_Recorded data:_

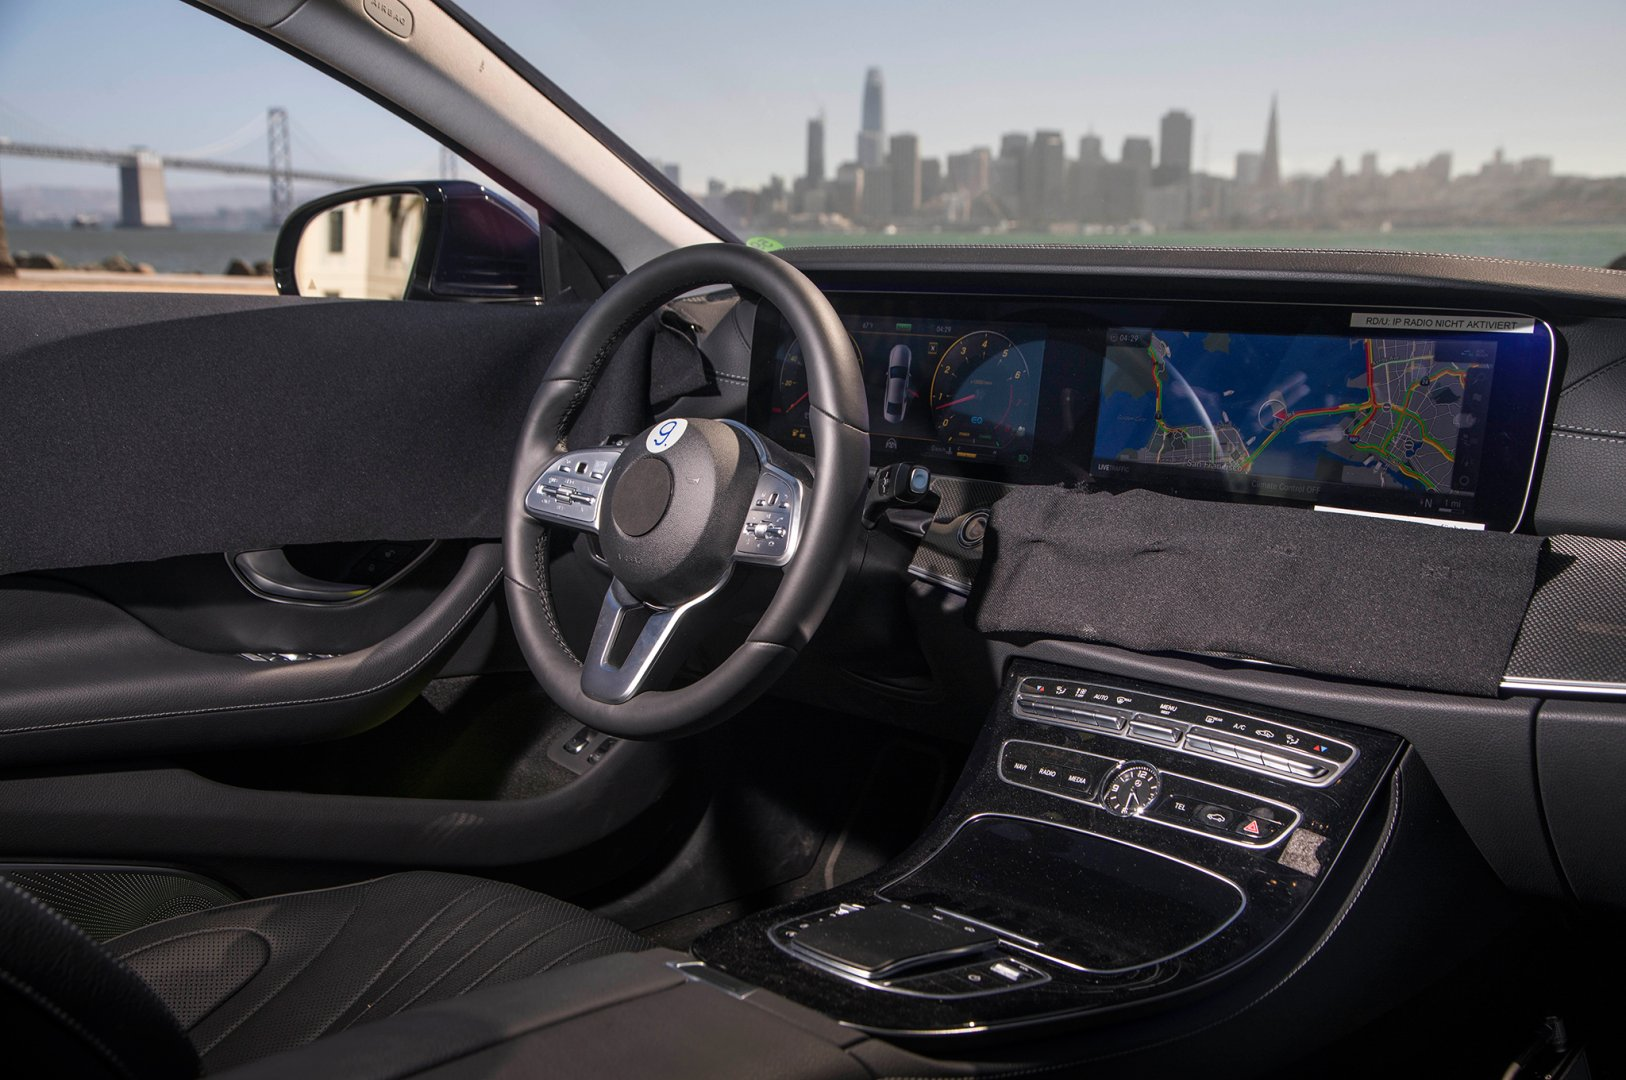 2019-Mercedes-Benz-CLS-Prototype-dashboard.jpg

* * *

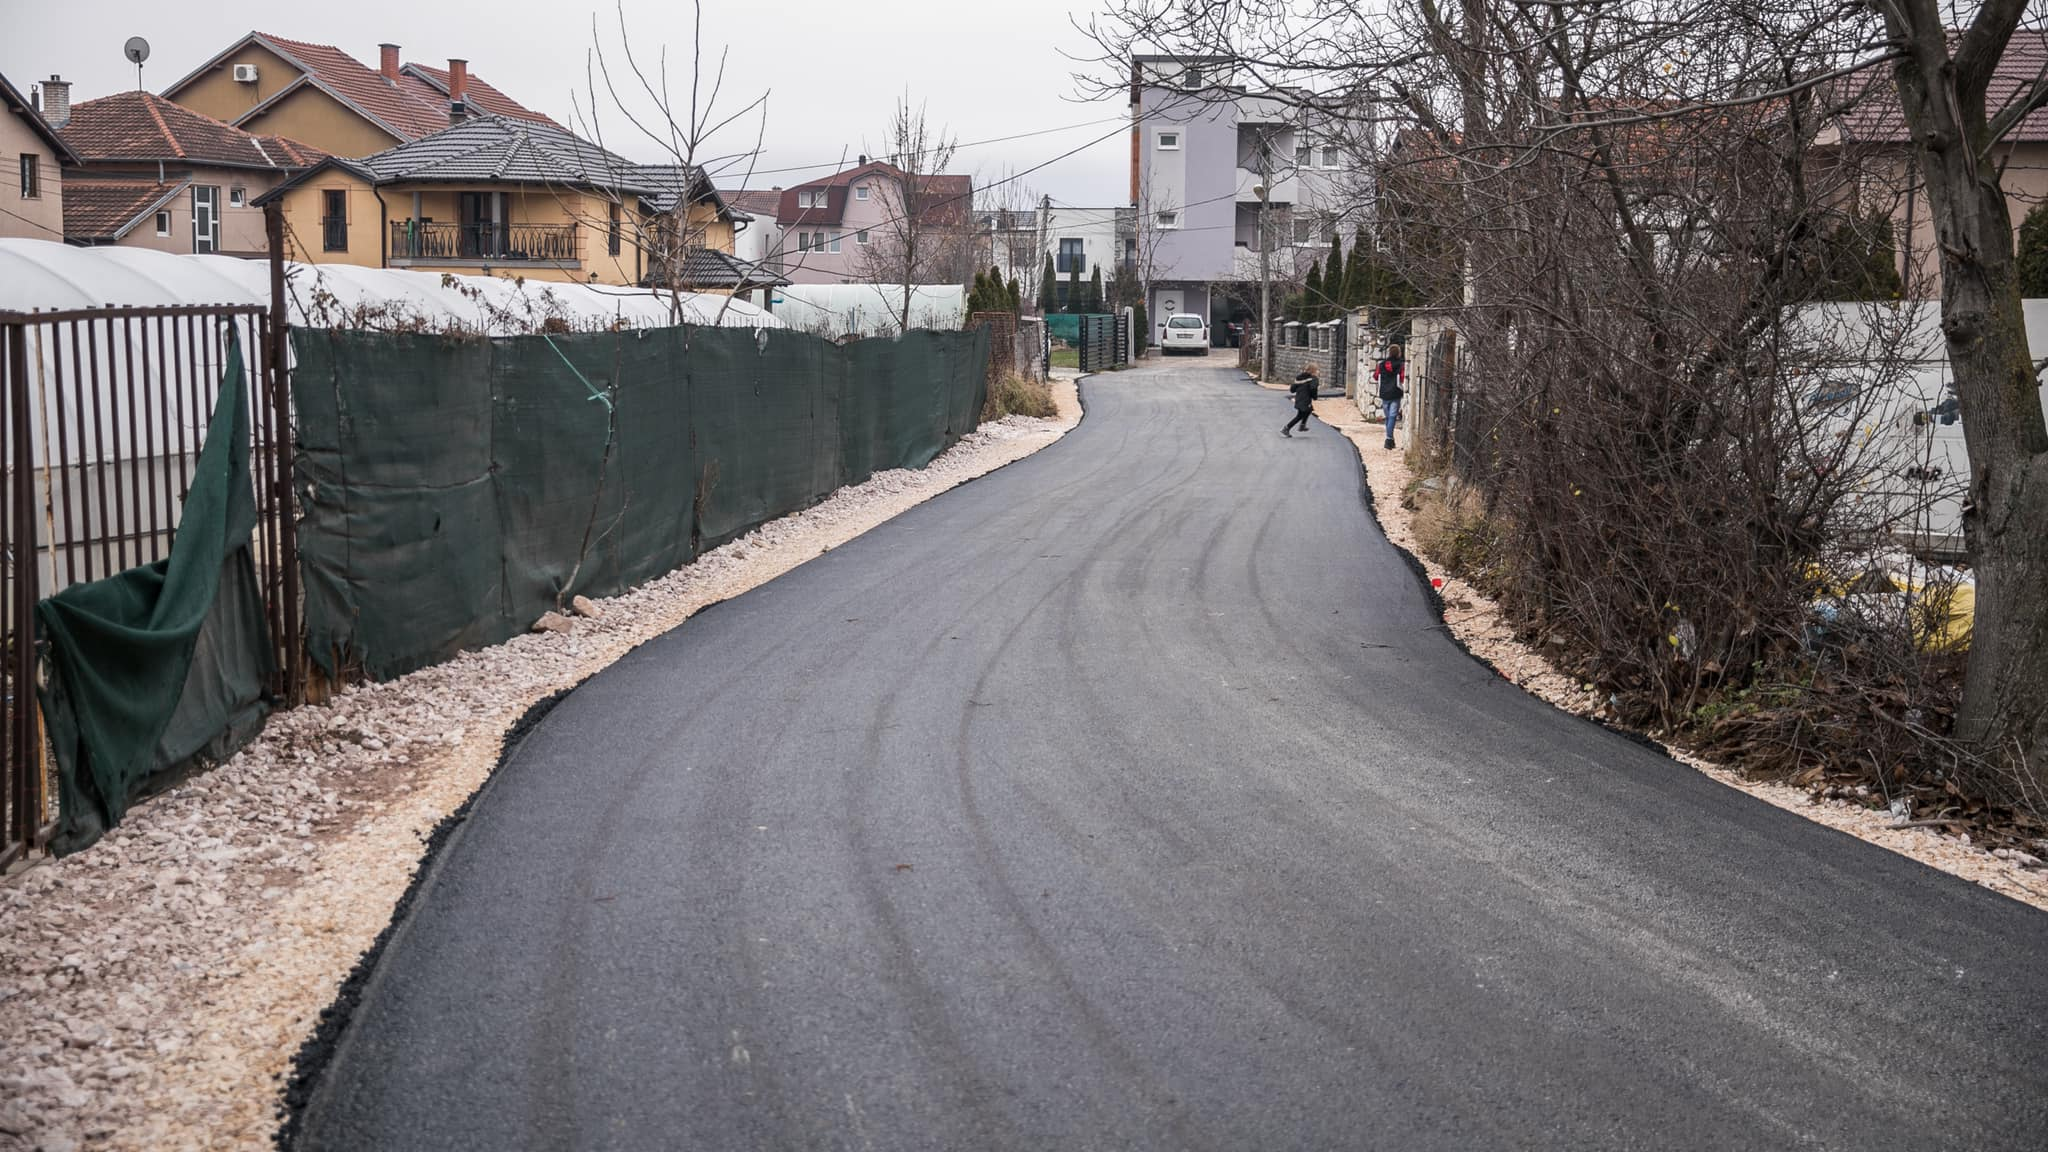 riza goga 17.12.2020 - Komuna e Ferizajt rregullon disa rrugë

...

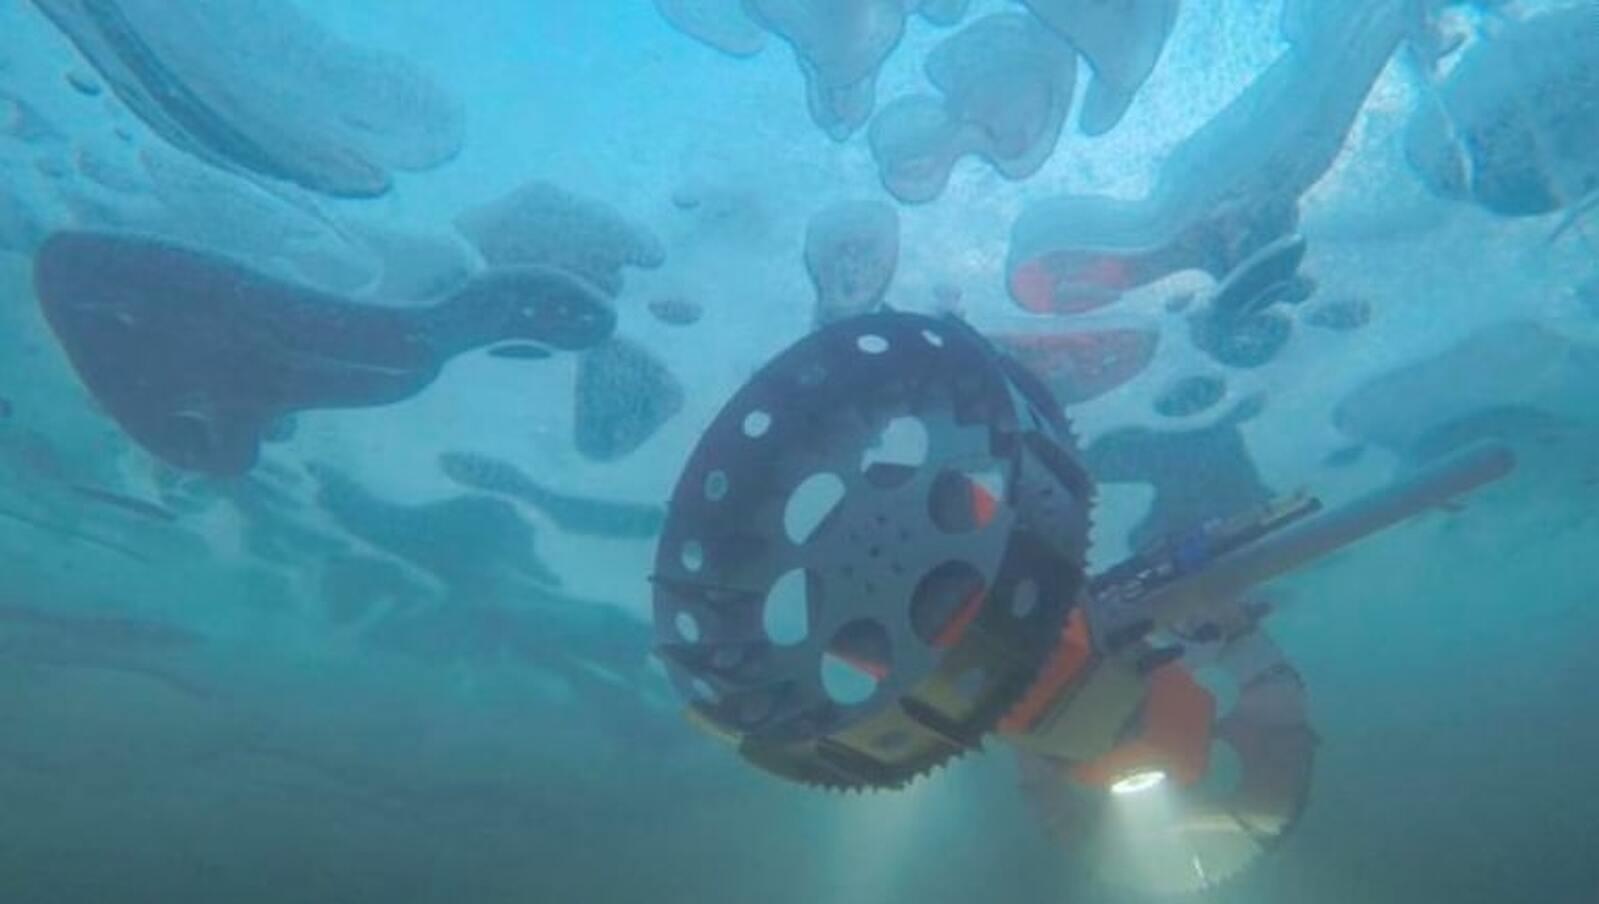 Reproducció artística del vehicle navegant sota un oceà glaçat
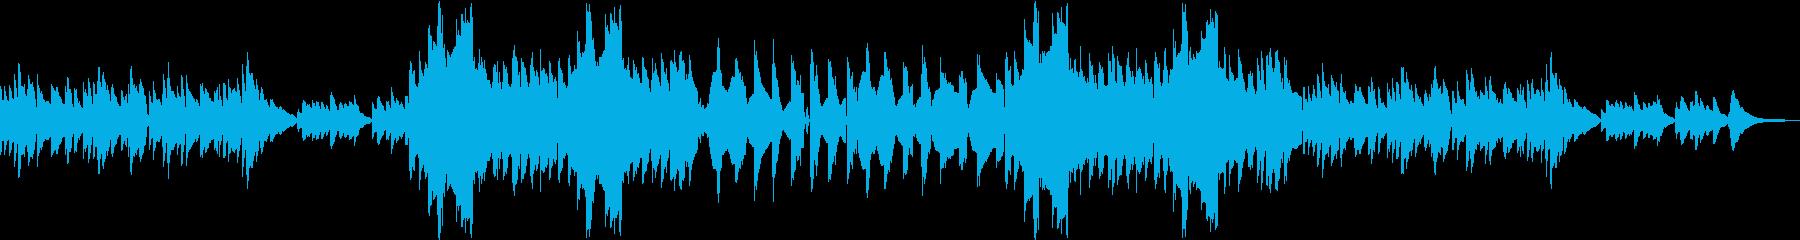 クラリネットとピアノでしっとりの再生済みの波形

_What you have to do:_ Copy only these lines from the records above, exactly: the one with "Reproducció artística del", the one with "クラリネットとピアノでしっとりの再生済みの波形", and those between. Skip the pictures.

_Solution for this problem:_
 Reproducció artística del vehicle navegant sota un oceà glaçat
 クラリネットとピアノでしっとりの再生済みの波形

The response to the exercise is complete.